O termo cisgênero é necessário pois ele não tem uma carga pejorativa. Ele não sugere que pessoas trans são menos legítimas do que as pessoas cis, diferentemente de termos como “mulher biológica” ou “mulher natural” (como se mulheres trans não fossem naturais) ou “homem de verdade” (como se homens trans não fossem homens de verdade).

Quando se entende que ser trans e ser cis são duas possibilidades diferentes, é reduzido em algum nível o estigma das pessoas trans, que historicamente foram tratadas como marginais, anormais.

Para se pensar em identidades de gênero dissidentes, é preciso sair da caixinha da cisnormatividade. Antes de mais nada, parar de achar que os genitais ou os cromossomos de alguém definem o seu gênero. A pessoa pode ter o corpo como for. Sua identidade de gênero não depende disso. Sim, existem mulheres com pênis. Sim, existem mulheres com vagina. E não, não é okay ficar perguntando sobre os genitais dos outros.

Ser trans significa, no sentido mais puro da palavra, não se identificar com o gênero que lhe foi atribuído ao nascer. Não significa “odiar o próprio corpo” ou achar que “nasceu no corpo errado”. Embora possam existir pessoas trans que pensem dessa forma, não se deve generalizar suas vivências. E associar a transgeneridade a “ódio” e “erro” de forma inerente é impor dor e negatividade à sua existência.

Por mais incrível que possa parecer, pessoas trans podem ser felizes e amar seus corpos. Olha só! E, por isso mesmo, quando um autor cisgênero escreve uma história que tem uma ou mais personagens trans, deve pensar bastante se não está reproduzindo uma velha narrativa dolorosa, que normativa o sofrimento trans.

Outra caixinha que deve ser destruída para se pensar em identidades de gênero dissidentes é o binarismo. Isto é, a ideia de que só se pode ser homem ou mulher. Talvez você nunca sequer tenha pensado que existem outras possibilidades, mas, na verdade, sempre existiram sociedades em que essa não era a norma. Sociedades em que é aceito não ser homem nem mulher, ou talvez ser os dois ao mesmo tempo, ou talvez ter outra identidade de gênero completamente diferente.

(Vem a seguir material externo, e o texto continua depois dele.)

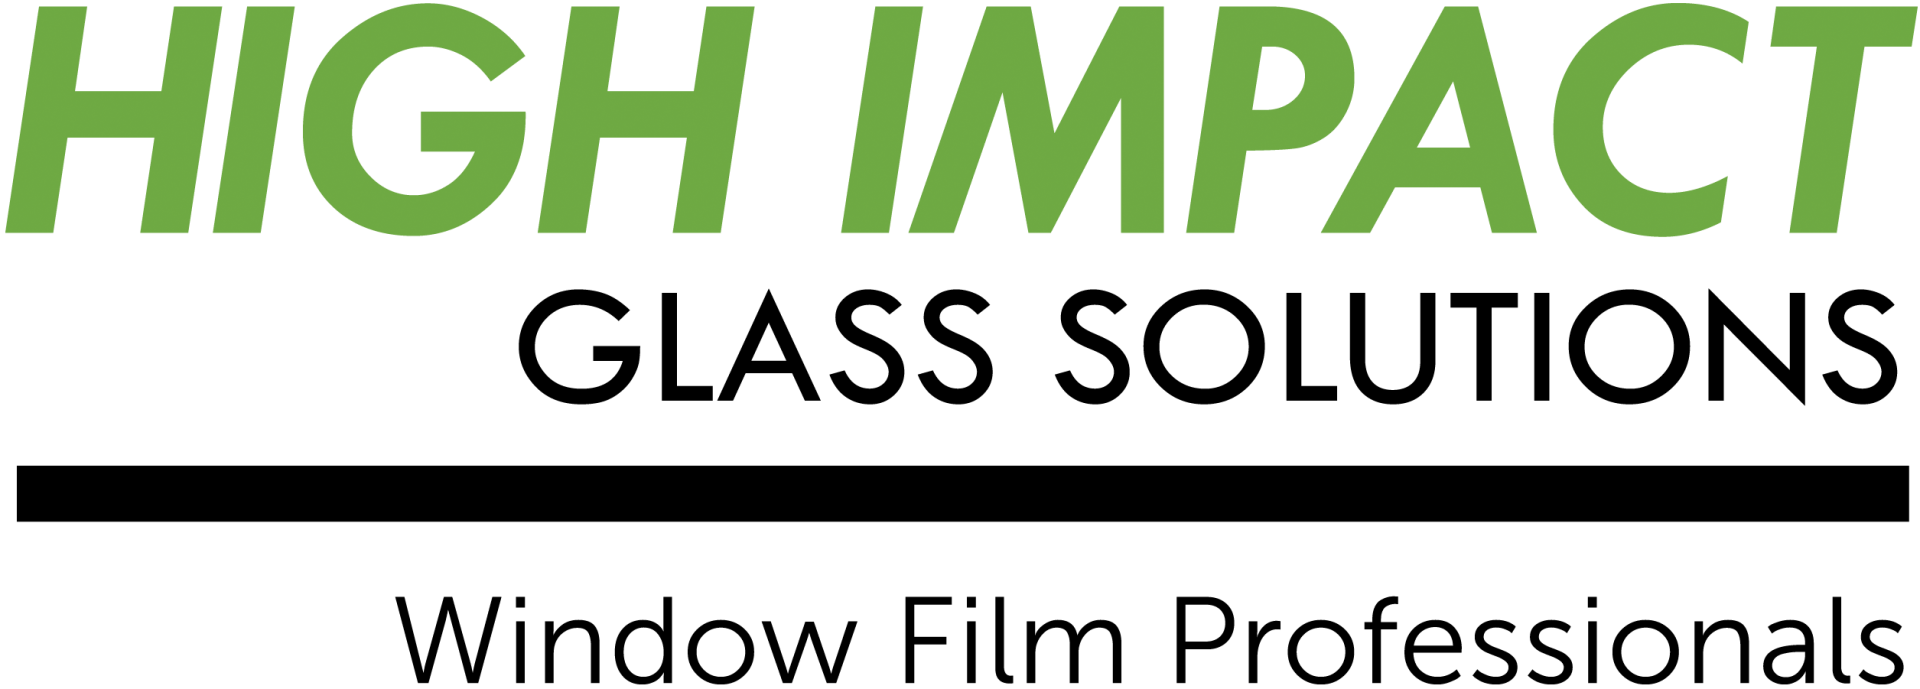 High Impact Glass Solutions

E mesmo que você não viva em uma dessas sociedades, existirão pessoas não-binárias. Isto é, pessoas que não se identificam com essa caixinha restrita do ser “homem” ou “mulher”. Mesmo que para você isso não faça o menor sentido, essas pessoas continuarão existindo, e a não binariedade será parte de quem são, das suas vidas, da maneira que interagem com o mundo.

Novamente, você “acreditar” ou “concordar” não mudará em absolutamente nada o fato de que essas pessoas existem. E, se existem, por que não se dar a oportunidade de conhecê-las, compreendê-las, respeitá-las?

Nosso objetivo, quando falamos da representatividade na literatura, não é que autores cisgênero falem por pessoas trans. Mas para que todo escritor, independentemente de sua própria vivência ou identidade, pense em como representar o mundo com toda a diversidade que, de fato, existe. É sobre o não apagamento.

Sobre escrever histórias que têm personagens de todos os tipos. Com todo tipo de personalidade, todo tipo de vivência, todo tipo de identidade. Sem cair em estereótipos. Sem olhar sempre para pessoas iguais. Permitindo-se ver o mundo em todas as suas cores.

Por que você não escreve uma história assim? Dê o primeiro passo. O artigo de hoje apenas mostrou a pontinha do iceberg de toda a diversidade que existe em identidades de gênero dissidentes. Se você quer saber mais, precisa procurar pessoas trans por conta própria. Ouvir o que elas têm a dizer. Conhecer a subjetividade de cada uma.

Para um primeiro passo para quem quer publicar livro com representatividade, recomendamos a artista Diana Salu, que publicou em seu Instagram a série “Então você quer escrever personagens trans?”, voltada para ficcionistas cisgênero. Dê uma olhada. Expanda seus horizontes.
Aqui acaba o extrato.